Actually, it's much more complicated than that, and the wonderful thing about Monster is that we both can't sort everything out and don't feel like we have to. We're prepared to live with Aileen's contradictions, which take us to a deep, dark place where killing someone in cold blood seems like an act of survival. Jenkins has shaped the murders into an obstacle course of moral reckoning, each one harder to justify than the one before.
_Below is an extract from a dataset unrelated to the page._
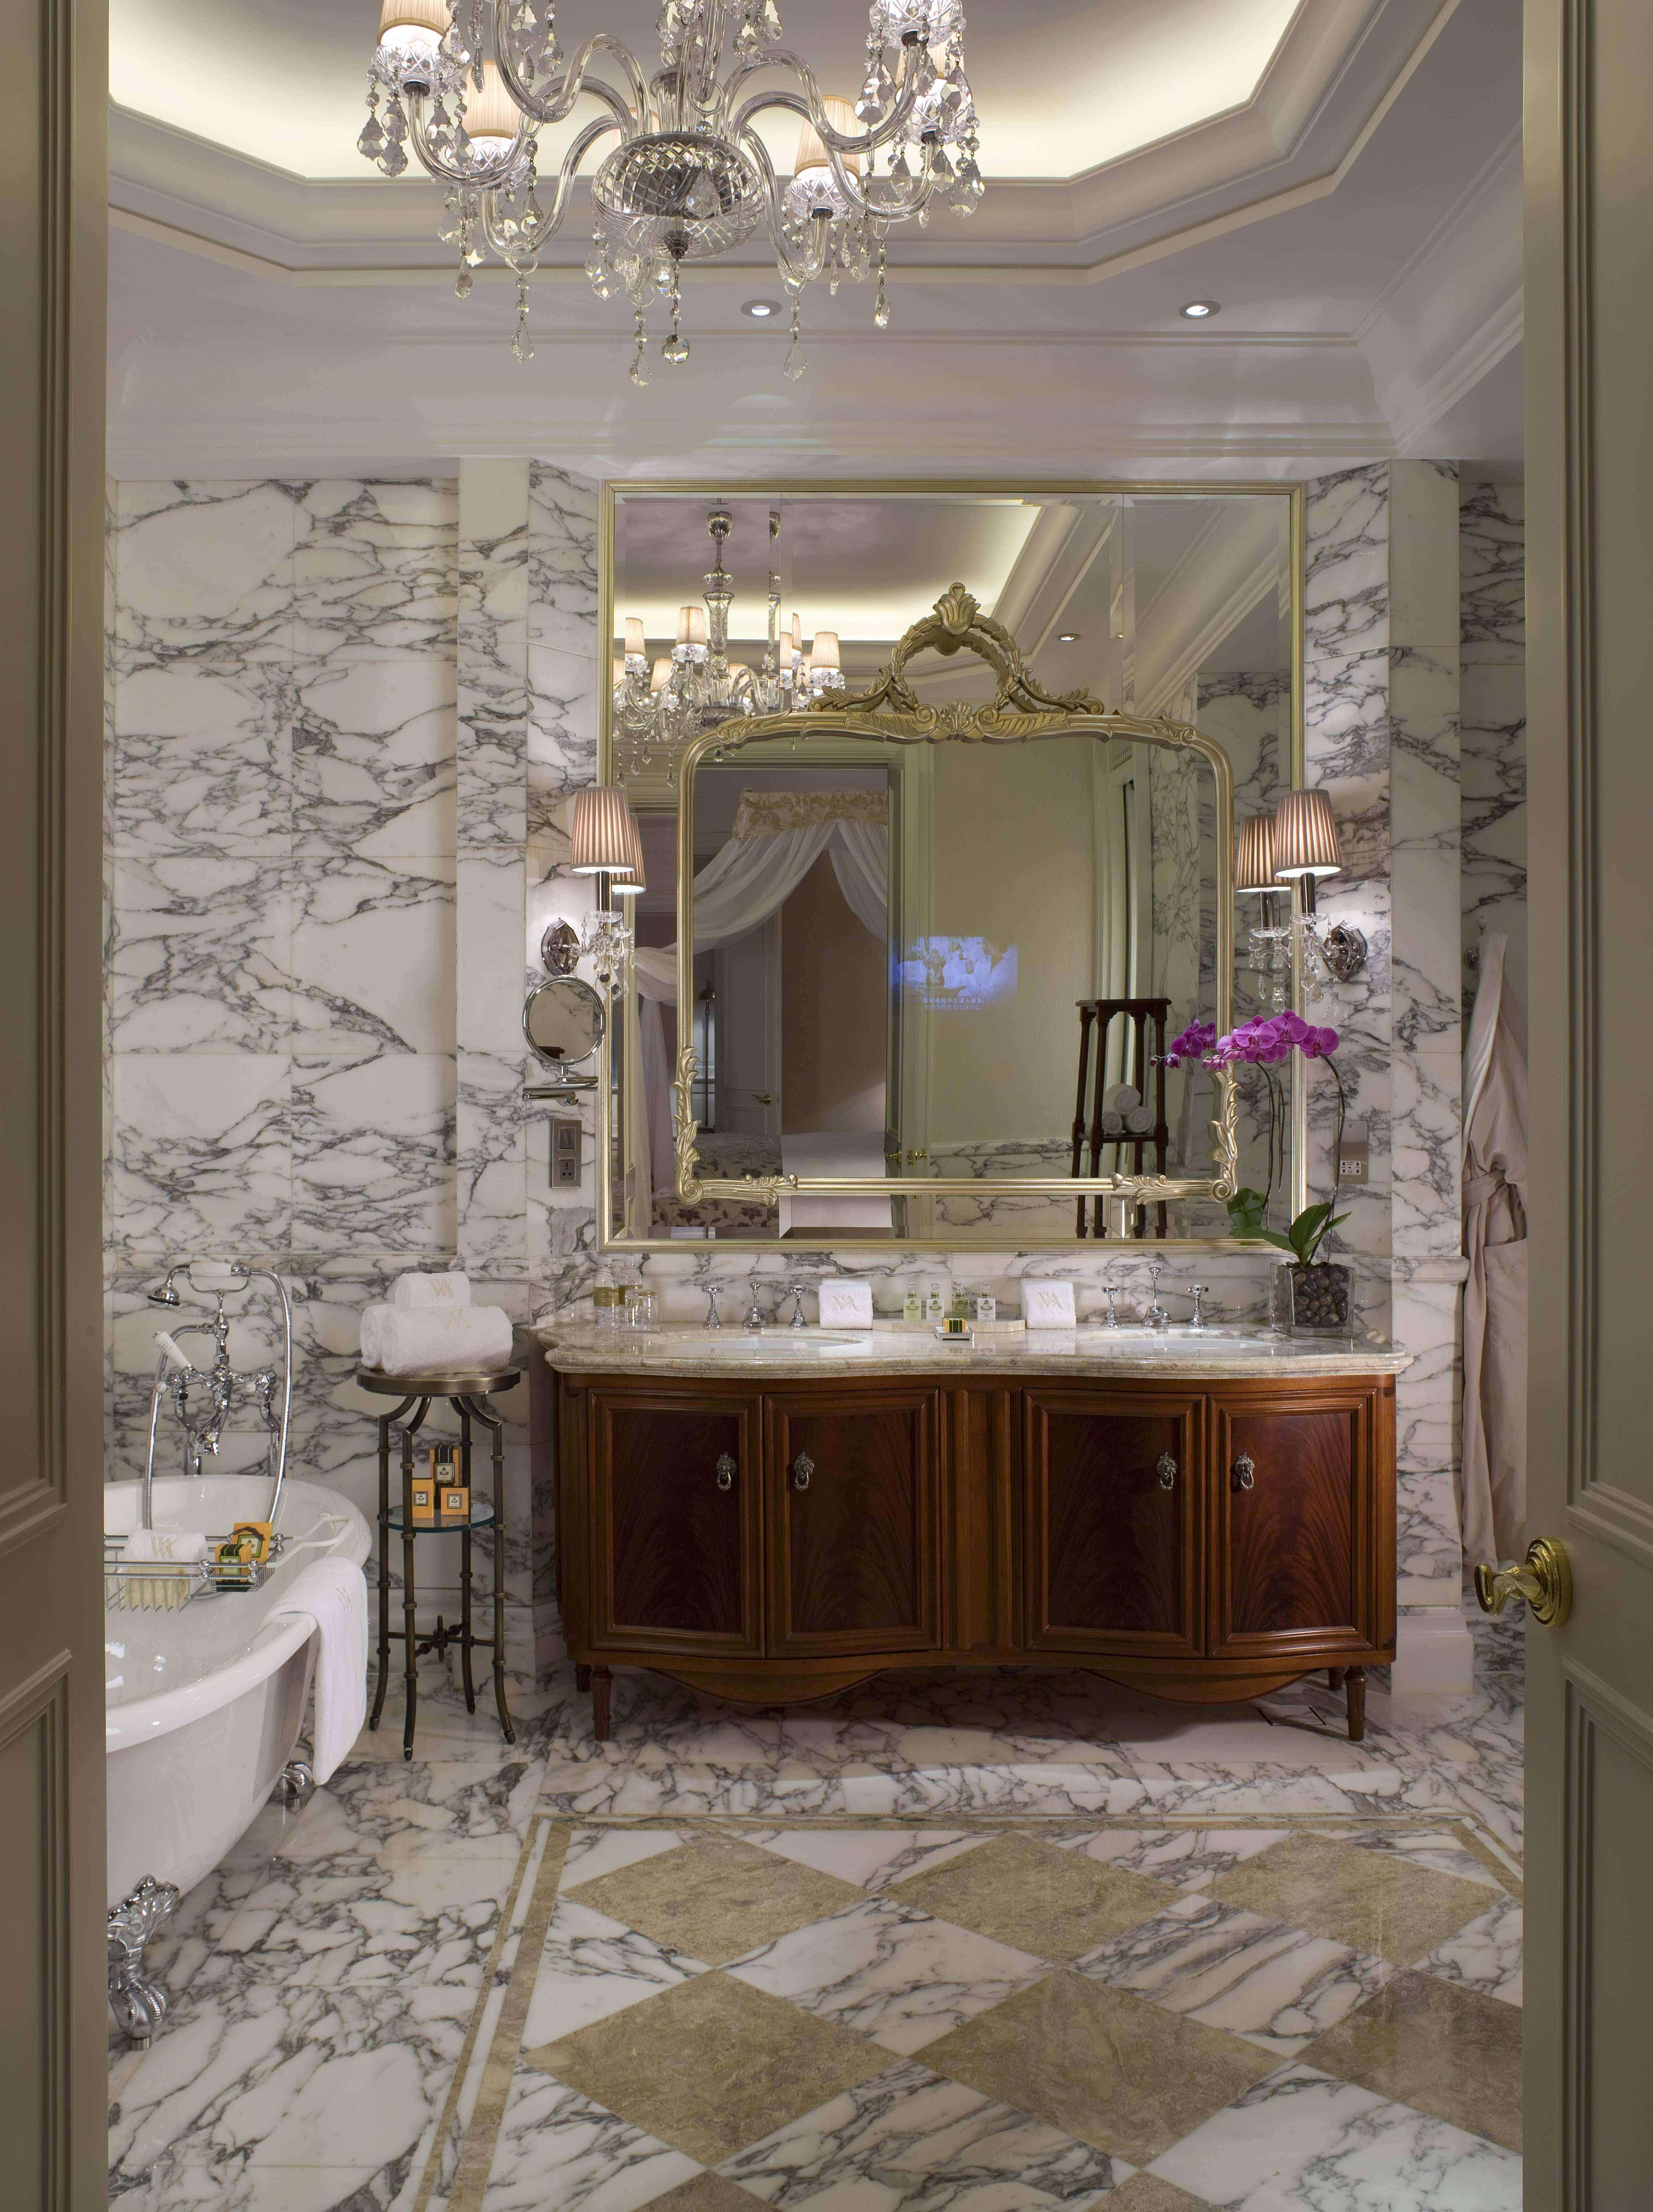 © Waldorf Astoria - Ken Hayden

Finally, a kindly old man who only picked her up because he thought she needed help begs for his life, handing over his wallet and the keys to his car. What happens next seems so wrong, so unjust, yet so necessary, so inevitable, that we know we're experiencing a great work of art.
Although this is her first feature film, Jenkins shows an uncanny feel for the highways and byways of America the Not-So-Beautiful. The dialogue's so plain and earthy as to suggest she hung out in biker bars, transcribing every syllable. And the acting's so pitch-perfect, right down to the tiniest role, that you realize Jenkins knows, in her bones, where Aileen was coming from. Only Ricci's Selby, at first glance, seems a little off -- too fine-featured and delicate to fall for a Mack truck like Aileen. But such match-ups do happen sometimes, and Ricci and Theron's initial scene together is a master class in the push/pull of budding romance, Ricci pulling ever so gently until Theron erupts, spewing the contents of her spleen.
Who knew that Theron had such fierceness in her? She's been effective before, usually as the wife or the girlfriend. But Monster suggests that she has hidden depths of sadness and madness to draw on. It's tempting to point to the fact that her own mother shot and killed her father in self-defense while the 15-year-old Theron looked on. But who cares where the depths came from? The important thing is that Theron has used her own pain and suffering to probe the depths of a woman who'd been dismissed as a psycho bitch, a monster. When I first read that Theron had gained 30 pounds, shaved her eyebrows, discolored her teeth and endured the daily ministrations of makeup artist Toni G., I thought, "Why not just hire a different actress?" Now I know.